We demonstrate the use of PAA as an effective linker and stabilizer for the synthesis of Pt/PAA/RGO catalysts. The Pt nanoparticles are well distributed on the surface of RGO with an average diameter of 1.4 nm. As compared to Pt/RGO composites, the as-prepared Pt/PAA/RGO catalysts show a greater electroactive surface area due to their smaller size and higher dispersion of Pt nanoparticles on RGO. In addition, Pt/PAA/RGO catalysts are higher active in the electrochemical catalysis of methanol oxidation.
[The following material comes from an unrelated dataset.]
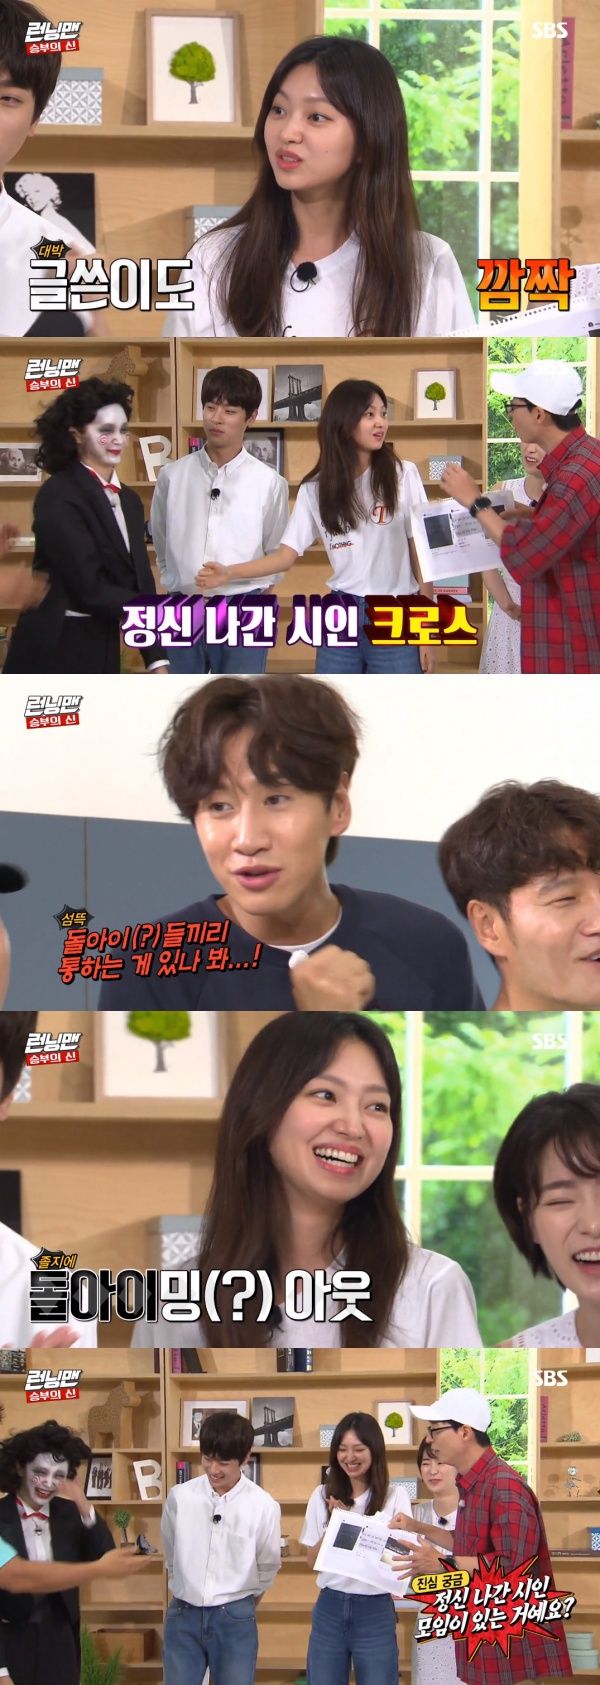 In Running Man, Choi You-Wha and Jeon So-min were heartbroken as Distracted Poet.On the 25th, SBS entertainment program Running Man starred actors Park Jung-min, Choi You-Wha and Lim Ji-yeon as guests of the movie Tazza: The High Rollers: One Eyed Jack.On the day of Choi You-Whas appearance, Yoo Jae-Suk released several SNS articles saying, Mr. Yoo Hwa often uploads emotional writing.Especially, I was shocked by the release of I am not ready to get snowy yet.So, Jeon So-min, called The Crazy Poet, interpreted Choi You-Whas writing: Its a double meaning.Im not ready to get snowed (with someone else) and Im not ready to get snowed (from the sky), he explained.Choi You-Wha was surprised to say its real to Jeon So-min, who correctly grasped his meaning.Lee Kwang-soo, who watched this, laughed, saying, I think there is something between the stone children. Yoo Jae-Suk also asked, Do you have a crazy Poet meeting?

Their peak current density is 310.6 mA·mg -1 , nearly quadrupling that at Pt/RGO catalysts. Moreover, Pt/PAA/RGO catalysts are more tolerant of CO poisoning. Their peak current ratio between the oxidation of methanol and adsorbed CO is 1.92, being higher than that of Pt/RGO catalysts (1.09). Impedance measurements indicate the formation of different reaction intermediates during the methanol oxidation process. The transition of capacitive to resistive at the lower potentials and resistive to pseudoinductive and then to inductive behaviors at high potentials have been observed at Pt/PAA/RGO catalysts. The electron transfer kinetics for the oxidation of methanol is fast at the potential of 0.4 with a characteristic of a pseudoinductive behavior, being different from a capacitive and resistive curve presented at Pt/RGO catalysts. In this potential, Pt/PAA/RGO catalysts favor the formation of the adsorbed hydroxyl species, which is available to the removal of CO species. Thus, the size and dispersion of Pt nanoparticles on the surface of RGO control the electrocatalytic performance of Pt catalysts and the molecular pathway of methanol oxidation at the surface of Pt catalysts.